MISSOULA — The Montana Lodging and Hospitality Association with Destination Missoula is pushing back against opposition to a bill intended to apply the same rules on tax collections for all travel partners, including national platforms like Airbnb and Expedia.
But Whitney Bergmann, board chair of the Missoula Tourism Business Improvement District and a representative of Destination Missoula and the Montana Lodging and Hospitality Association, said the technology association was mispresenting the bill.
It isn’t a new tax but rather, an update of language initially written before the digital age, she said.

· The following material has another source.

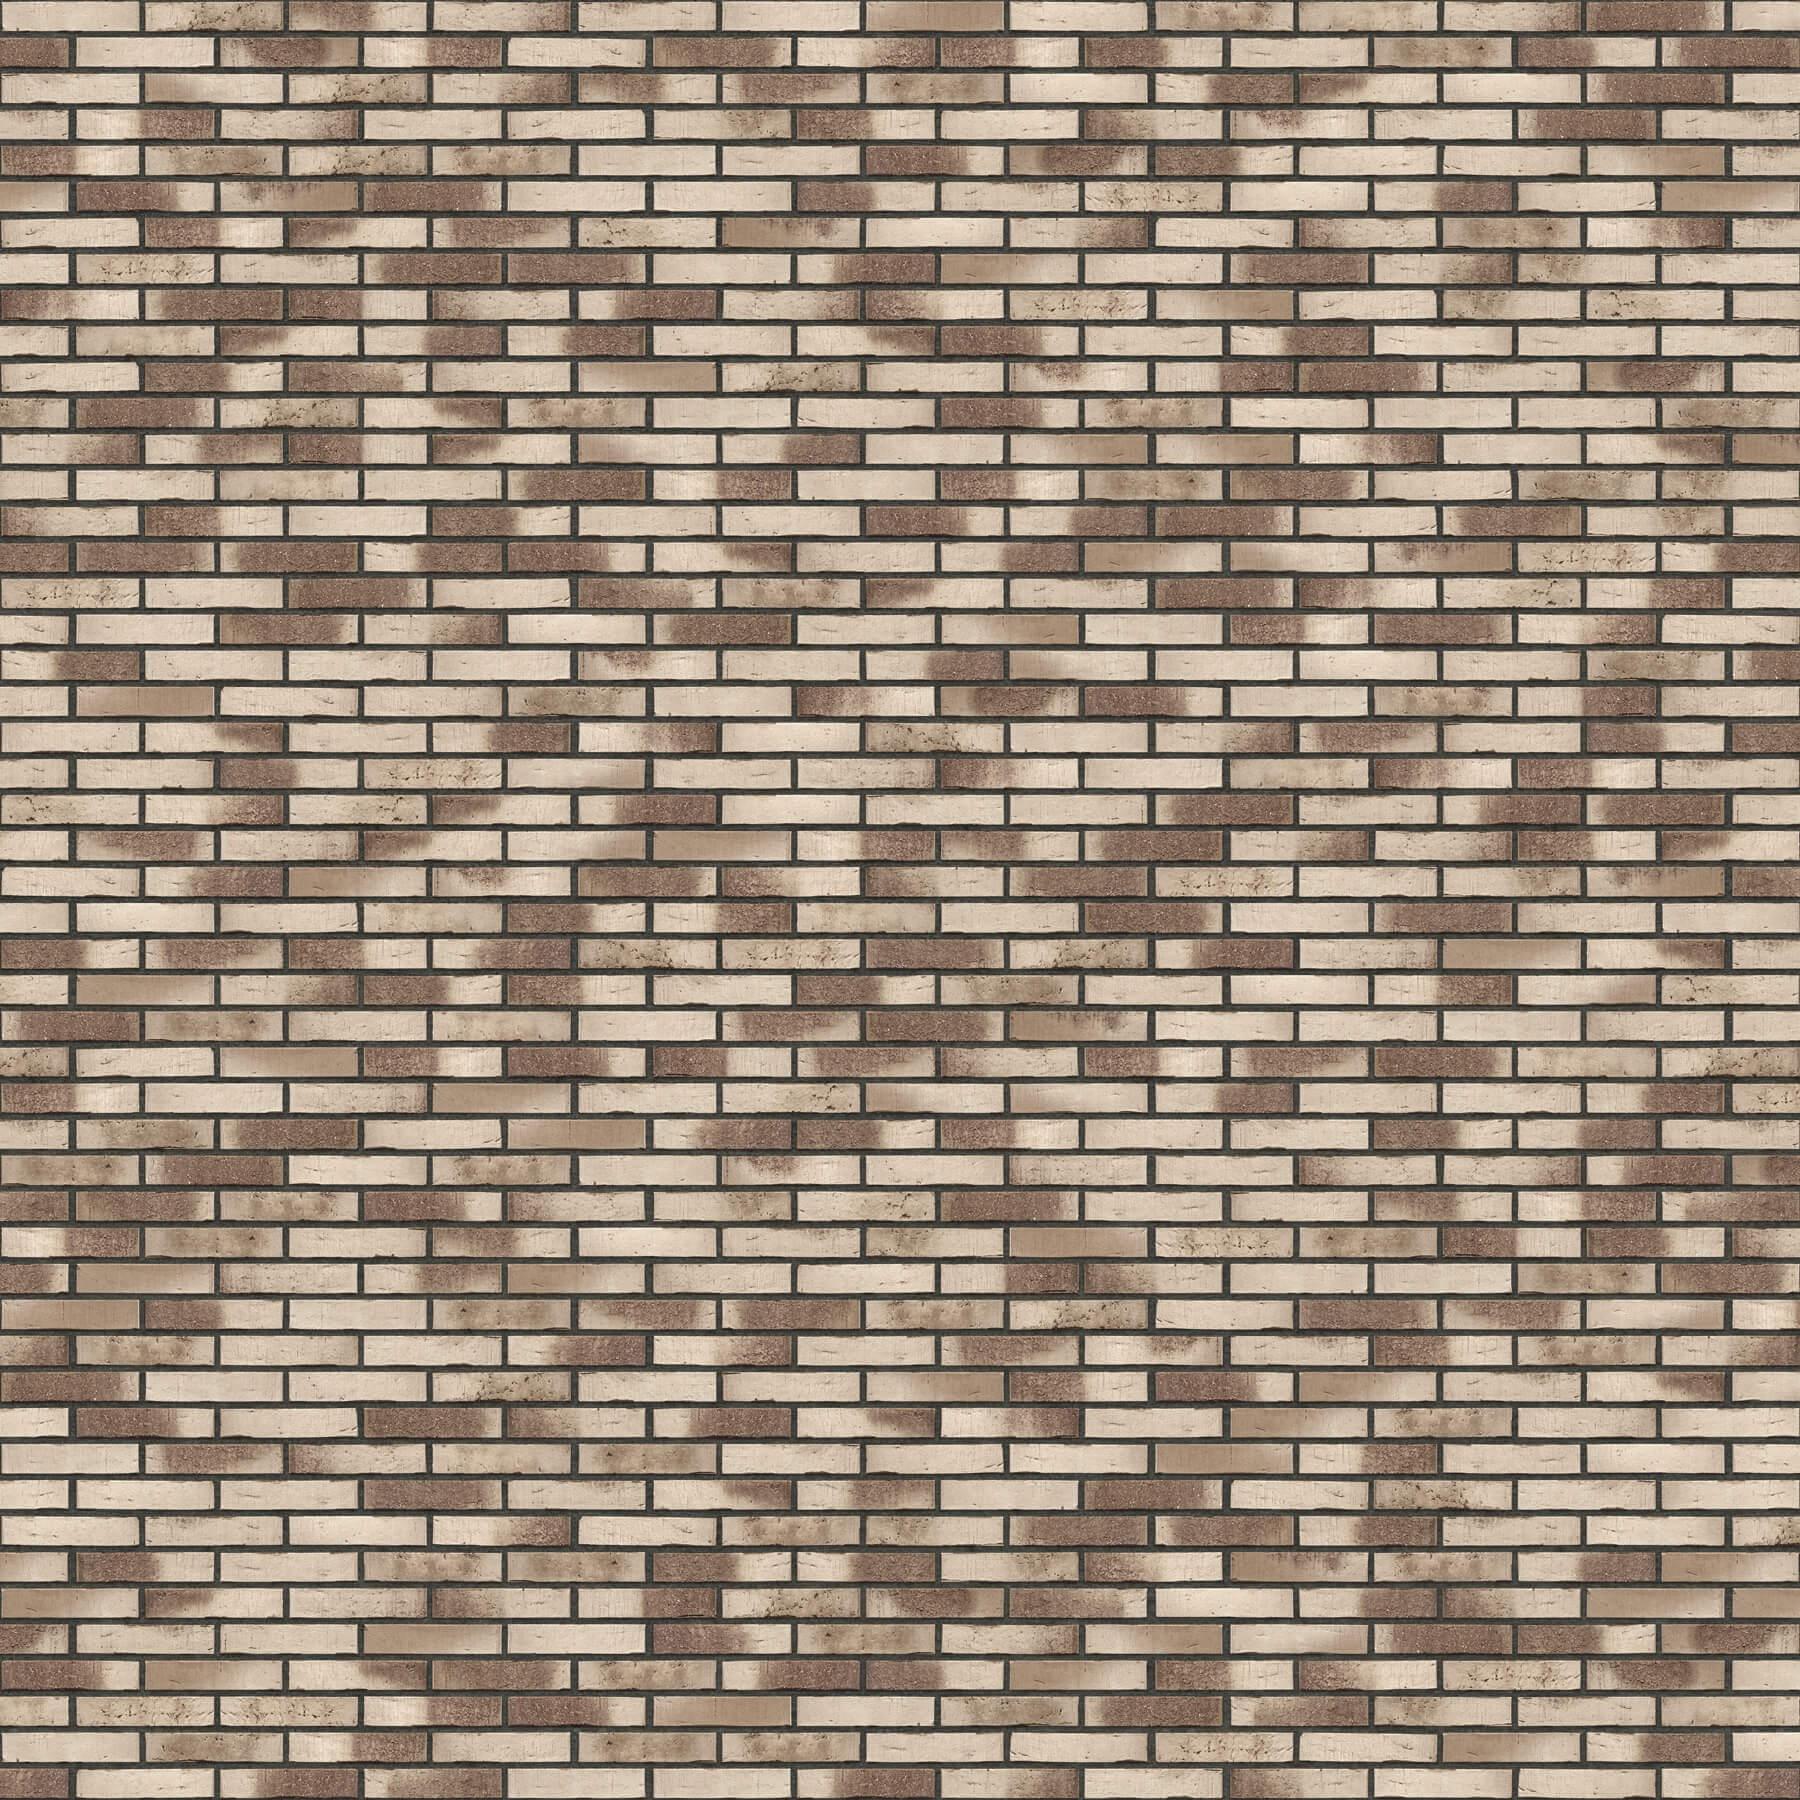 Puna-cigla-FeldHaus-Klinker-brick-house-beograd-df-k-948-Antracit Fuga

“It requires an update of the lodging tax language that makes it clear that it’s applicable to anyone selling lodging rooms in Montana, where the large platforms have been able to occasionally skirt that at times by virtue of language that was written in the 90s without them in mind,” Bergmann said. “It’s really just a clarification of language, that the existing lodging tax applies to everyone, from hotels to large hosting platforms like Airbnb.”
The bill sailed through its respective House and Senate committees this month and is set for final preparation. Once signed into law, the measure will revise the state’s lodging facility use tax and Montana’s sales tax on lodging and car rentals.
It will also require all travel agent platforms to collect and remit those taxes to the state, including digital travel agents.
“They will be responsible for the collection and remittance rather than having that fall on the local property owner,” said Bergmann. “Because their platform didn’t have that built in, necessarily, you have a lot of onus on the property owner on how that’s managed and applied. This makes it so that’s uniformly applied to the platform rather than the property owner.”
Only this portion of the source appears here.